### Excerpted records
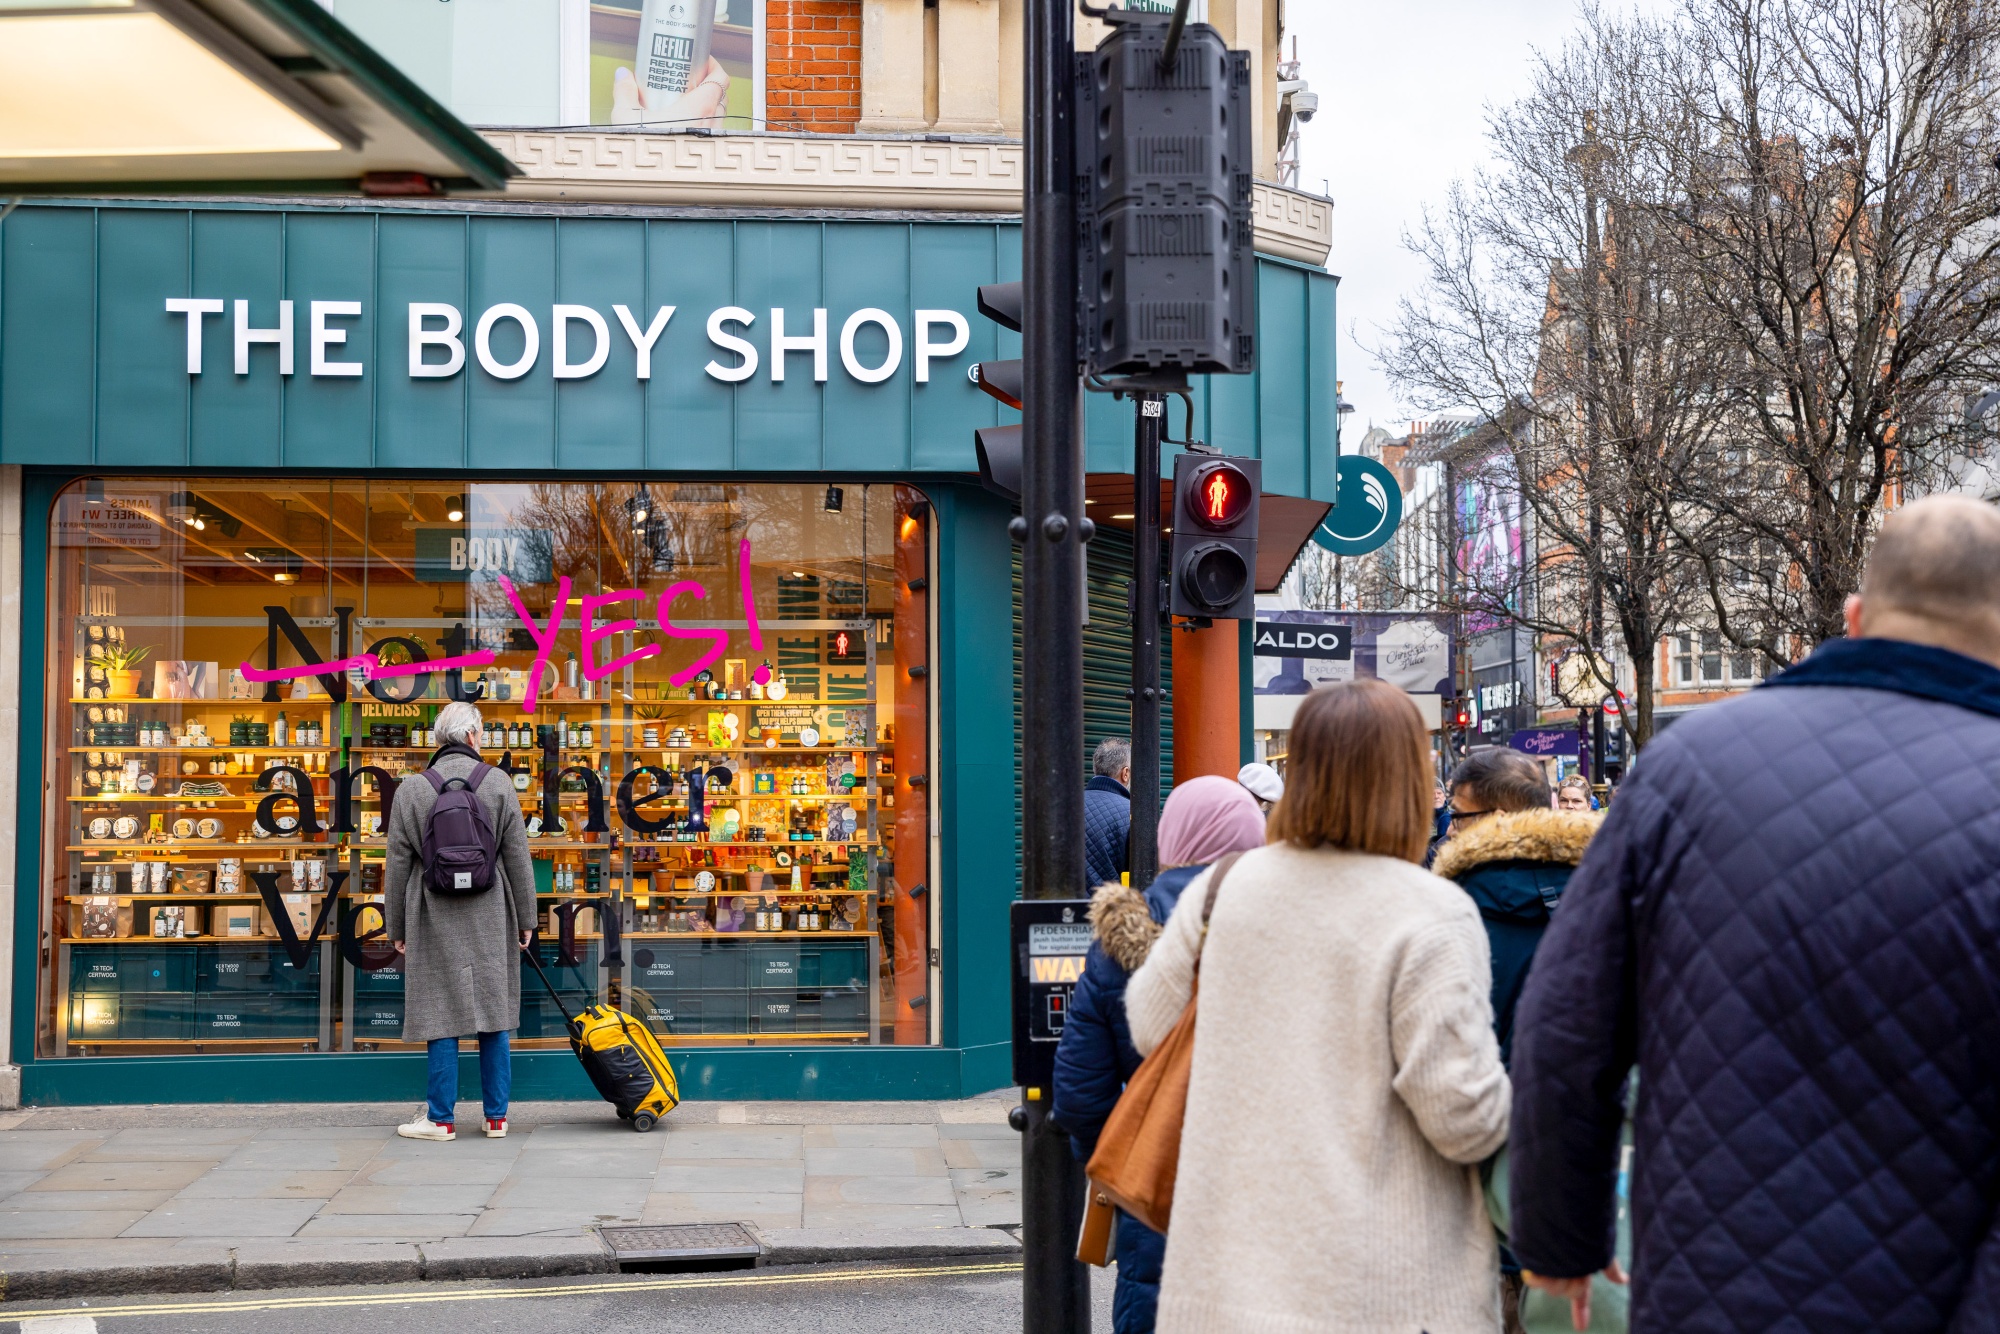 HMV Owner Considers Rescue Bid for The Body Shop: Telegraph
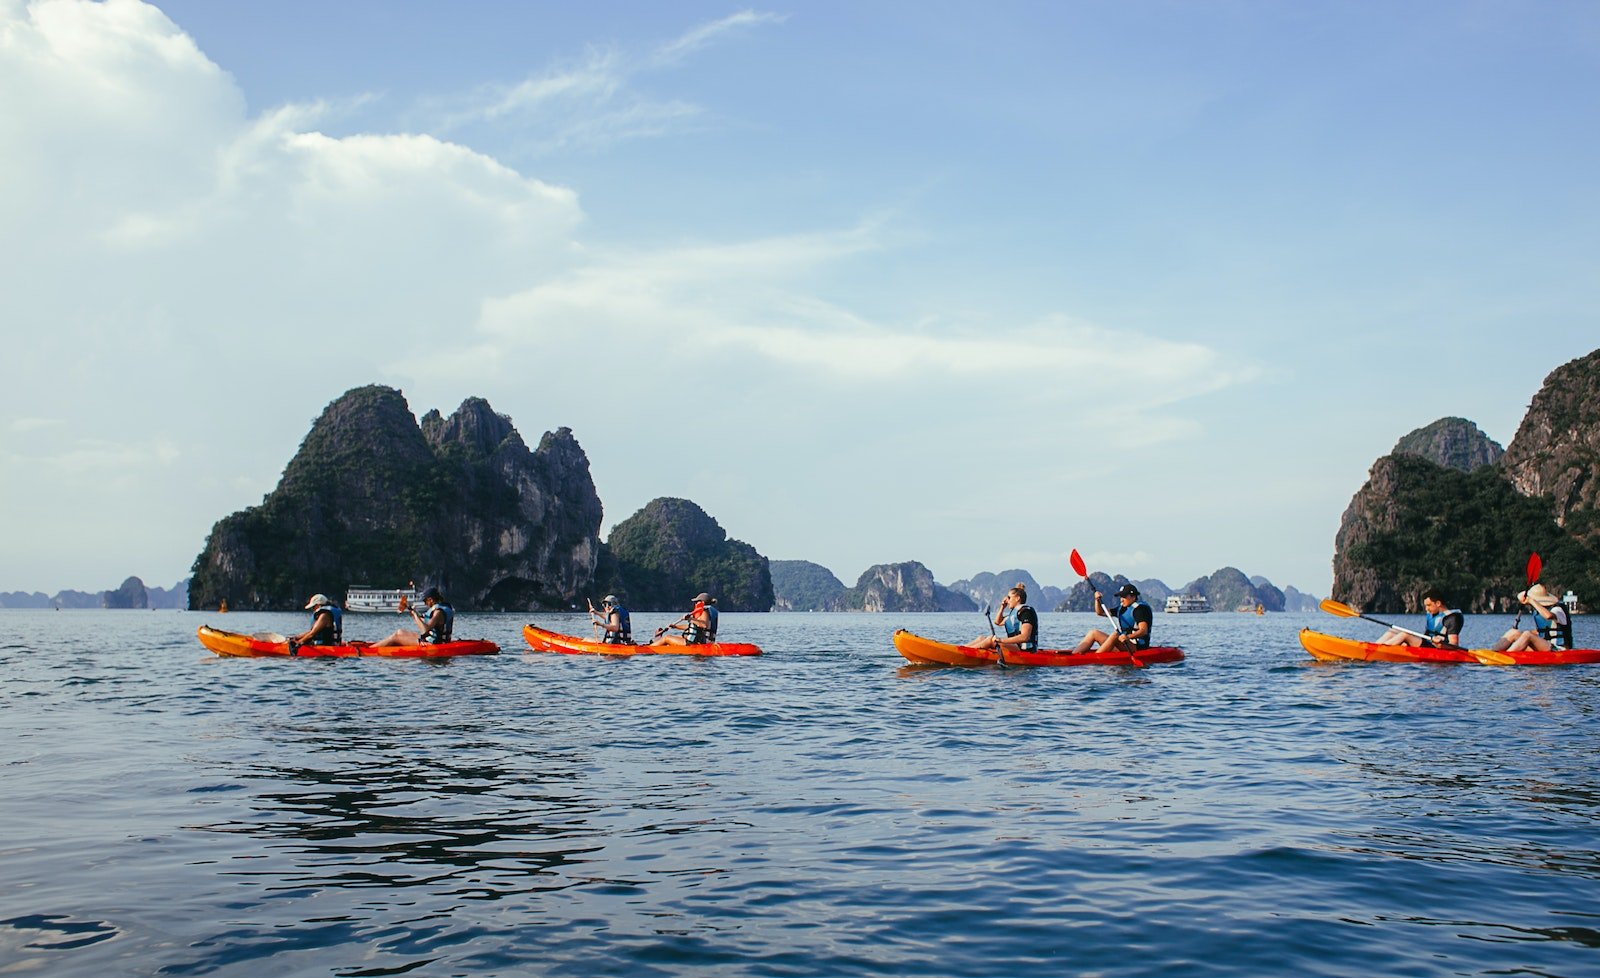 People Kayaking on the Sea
...
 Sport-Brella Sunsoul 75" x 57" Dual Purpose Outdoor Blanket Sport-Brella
--
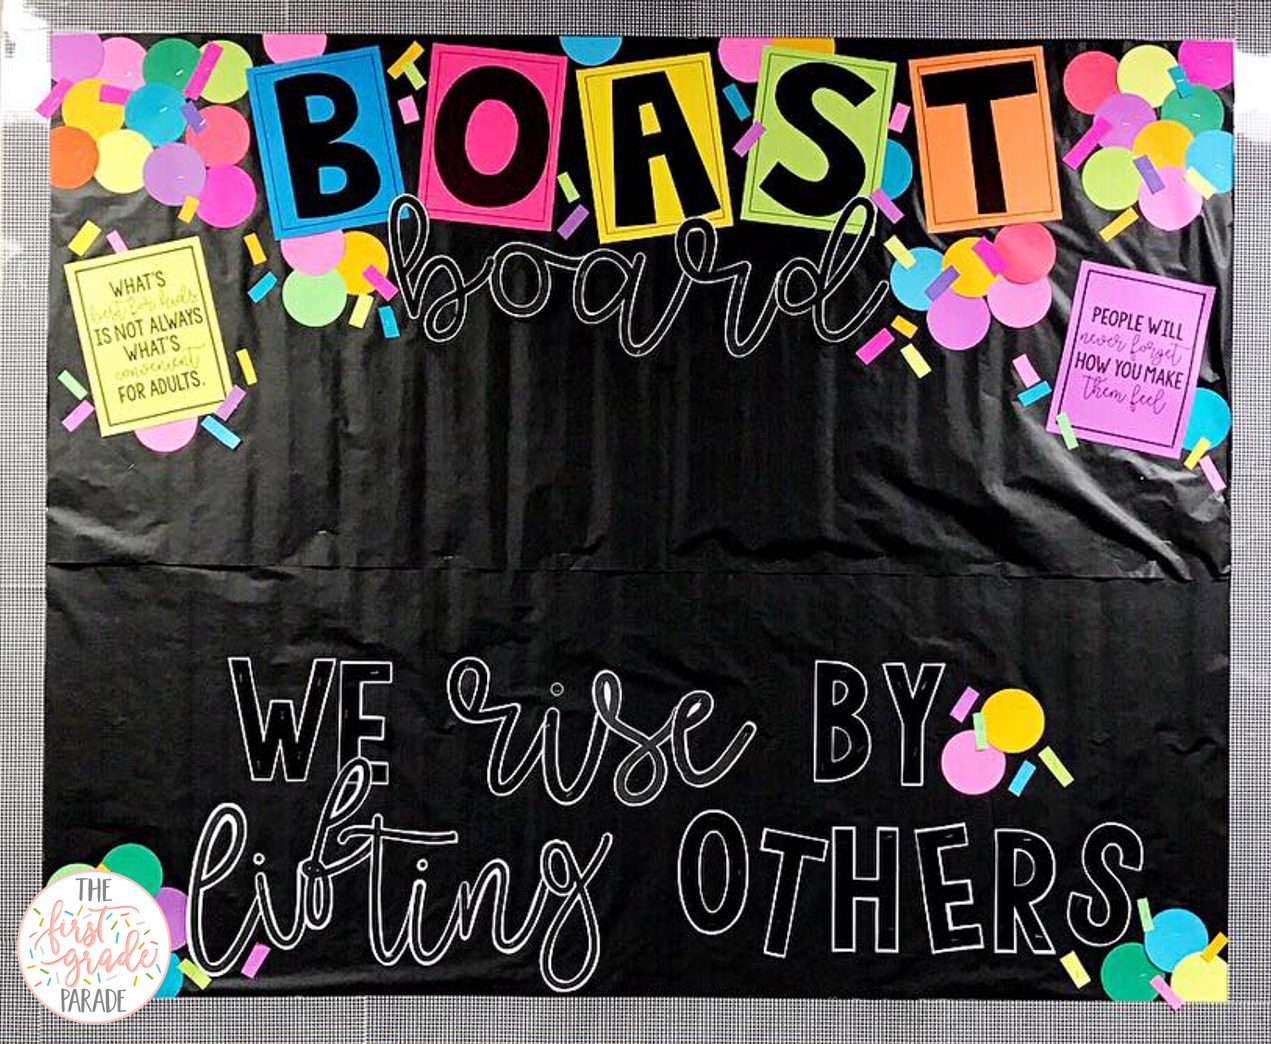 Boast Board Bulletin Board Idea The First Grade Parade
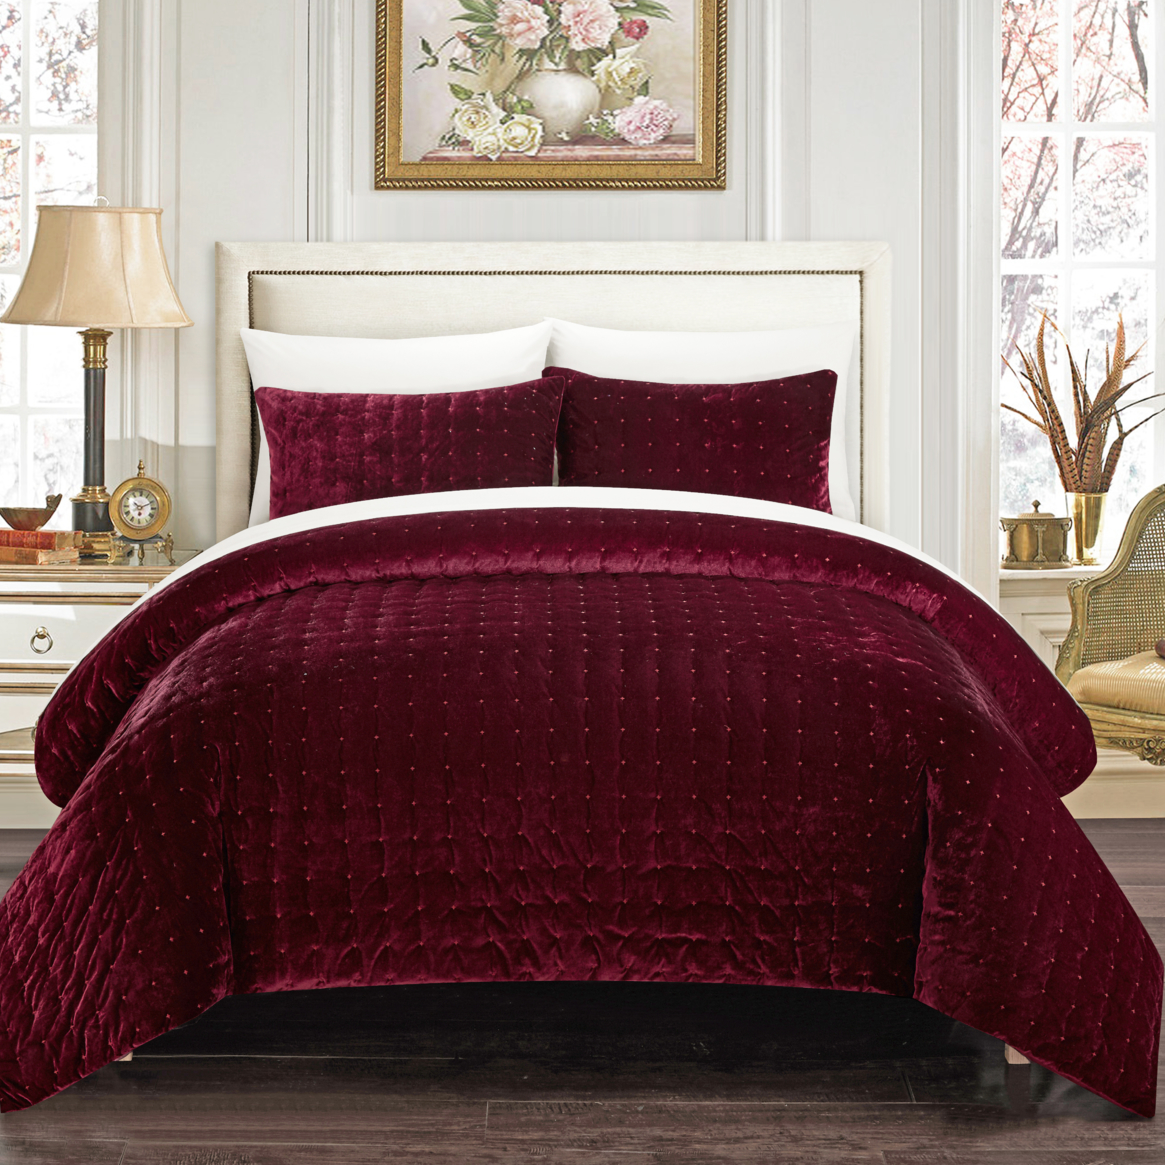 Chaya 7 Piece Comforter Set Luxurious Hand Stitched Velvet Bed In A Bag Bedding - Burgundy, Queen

### What to work on
Within the listing above, the lines starting at the one containing "HMV Owner Considers" and ending at the one containing "People Kayaking on the Sea" are to be returned exactly. Omit the pictures.

### Your response
 HMV Owner Considers Rescue Bid for The Body Shop: Telegraph
 People Kayaking on the Sea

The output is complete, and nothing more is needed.